I am using ANN for solving Regression problem. But it turns out that ANN is performing badly. I have a daily data (2000 - 2018) which contains 6400 rows and 5 variables (including 2 target). This is how my data looks like:
Rain Discharge Level Discharge0 Level0
1 9.27 0.226 791.12 65.4600 1.08
2 17.62 0.433 791.18 209.6000 1.98
3 10.01 0.791 791.25 129.3000 1.50
4 4.61 0.988 791.28 60.3000 1.07
5 10.37 0.822 791.25 42.7400 0.98
6 46.25 9.564 791.78 173.0624 1.67
Here, I am trying to predict Discharge0 and Level0, one day ahead (in future). This is what I have tried:
data <- data.frame(Rain, Discharge, Level, Discharge0, Level0)
data1 <- data
# slide function can be used to take leads (for predicting one day ahead)
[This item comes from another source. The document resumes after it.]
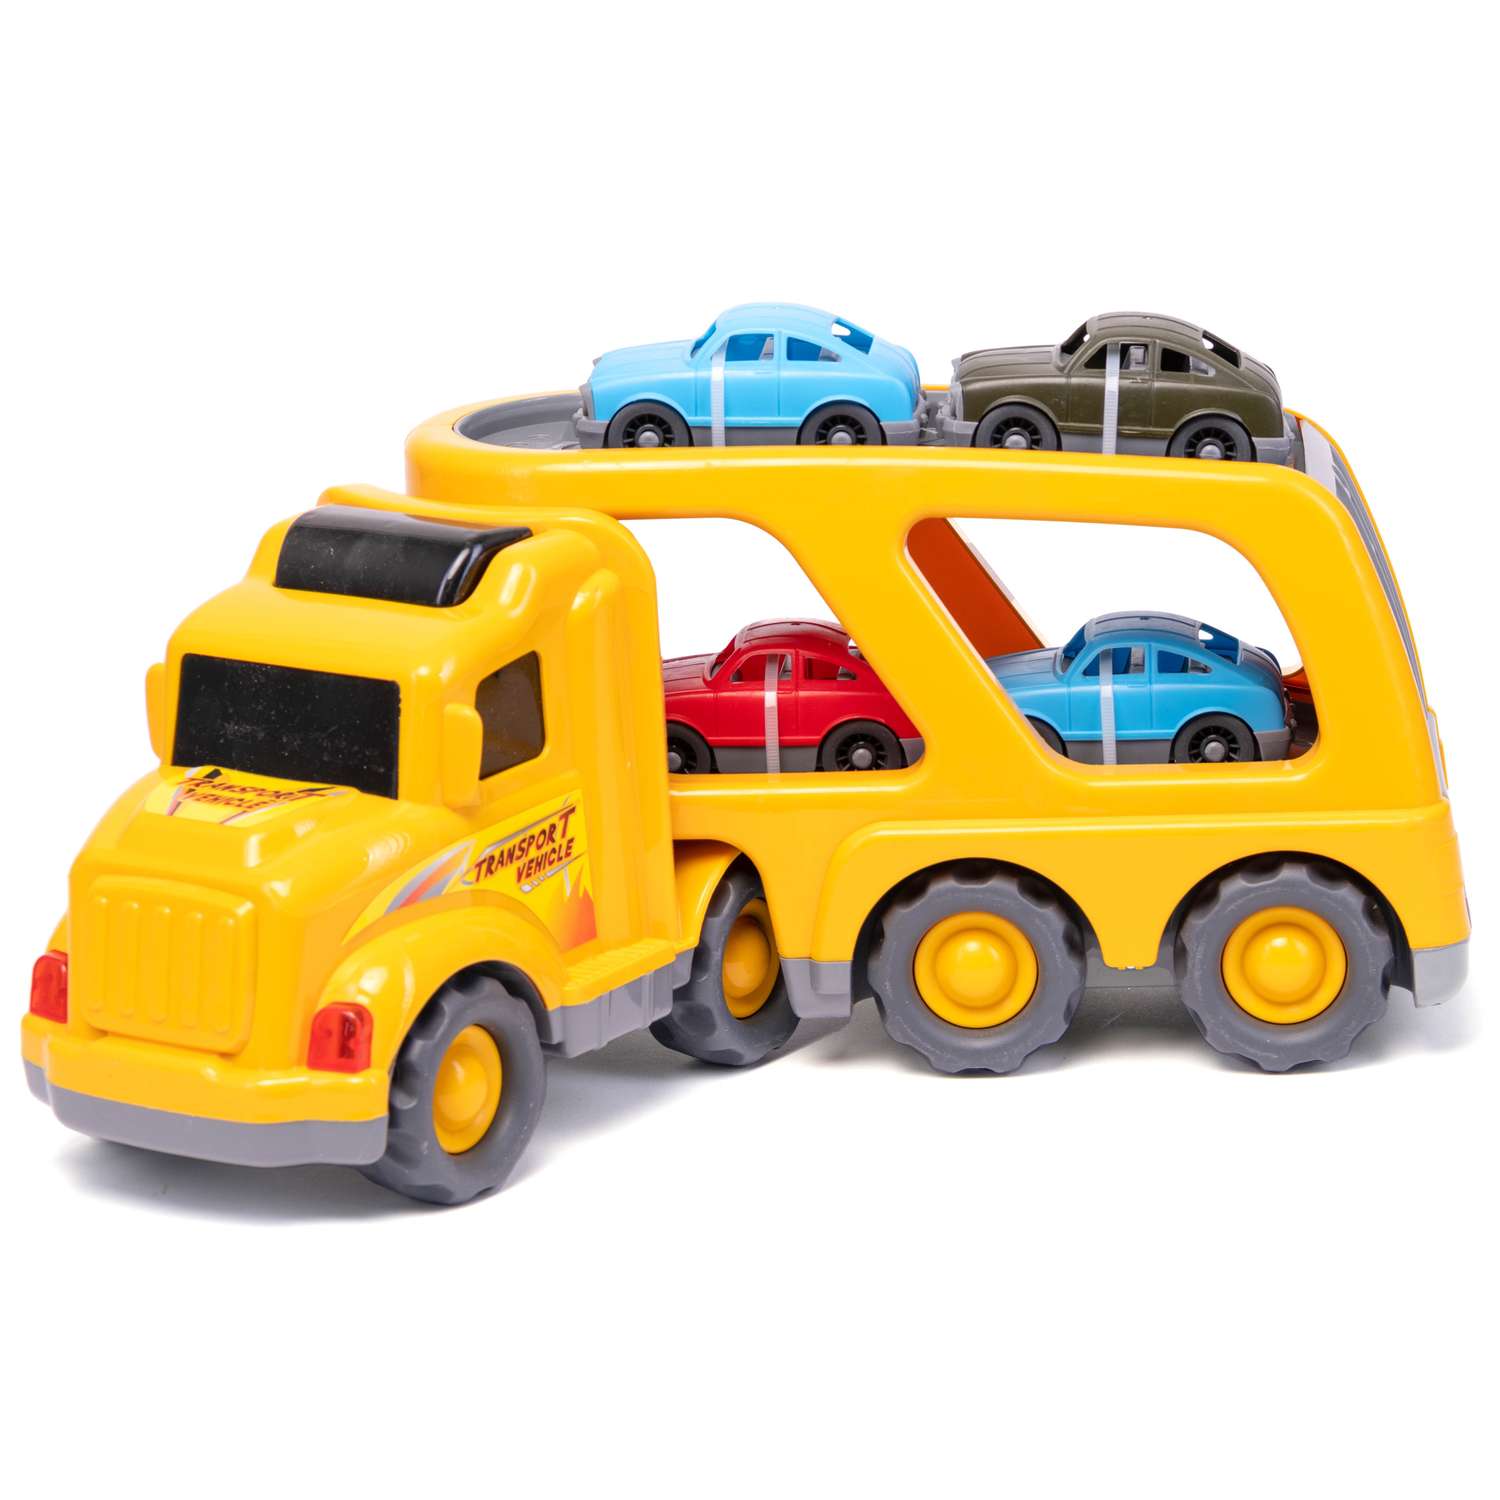 Машина Нижегородская игрушка Автовоз желтый ктг257_ж - фото 2

data1 <- slide(data1, Var = "df2.Discharge", slideBy = 1)
data1 <- slide(data1, Var = "df2.Level", slideBy = 1)
# Last value of both variables is now NA (as one day lead is taken), it can be removed
data1 <- na.omit(data1)
data1 <- data1[-c(4, 5)] # removing Discharhe0 and Level0.
I have taken lead of one day for both Discharge and Level. This is how final data looks like on which model is applied:
Rain Dischrge Level Level1 Discharge1
1 9.27 0.226 791.12 209.6000 1.98
2 17.62 0.433 791.18 129.3000 1.50
3 10.01 0.791 791.25 60.3000 1.07
4 4.61 0.988 791.28 42.7400 0.98
5 10.37 0.822 791.25 173.0624 1.67
6 46.25 9.564 791.78 352.5326 2.55
Now, the targets are Discharge1 and Level1 (they have one day lead).
# 1:5844 contains data from 1st june, 2000 to 31st May, 2016
index <- 1:5844
datatrain = data1[index, ]
datatest = data1[-index, ]
# Scaling data between 0 and 1.
max = apply(data1 , 2 , max)
min = apply(data1, 2 , min)
scaled = as.data.frame(scale(data1, center = min, scale = max - min))
# Splitting into training and testing
train = scaled[index , ]
test = scaled[-index , ]
# Applying neuralnet function
NN = neuralnet(Discharge1 + Level1 ~ rain + Discharge + Level, train, hidden = c(16, 8, 4), threshold = 0.05)
plot(NN)
predict_test = neuralnet::compute(NN, test[, c(1, 2, 3)])
# Unscaling: converting back to original range
predict_test1 = (predict_test$net.result[, 1] * (max(data1$Discharge1) - min(data1$Discharge1))) + min(data1$Discharge1)
predict_test2 = (predict_test$net.result[, 2] * (max(data1$Level1) - min(data1$Level1))) + min(data1$df2.Level1)
# Plotting acutal observations v/s real predictions
plot(datatest$Discharge1, predict_test1, col='blue', pch=16, ylab = "Predicted Discharge", xlab = "Real Discharge")
title("Predicted Discharge v/s Real Discharge"); abline(0, 1, col = "black")
plot(datatest$Level1, predict_test2, col='blue', pch=16, ylab = "Predicted Level", xlab = "Real Level")
title("Predicted Level v/s Real Level"); abline(0, 1, col = "black")
The model performs badly. Here are evaluation parameters:
For Discharge:
R-Squared -> 0.36
NSE -> 0.30
RMSE -> 121.96
For Level:
R-Squared -> 0.39
NSE -> 0.29
RMSE -> 0.43
I am not able to understand what I am doing wrong. It would be great if someone can help me.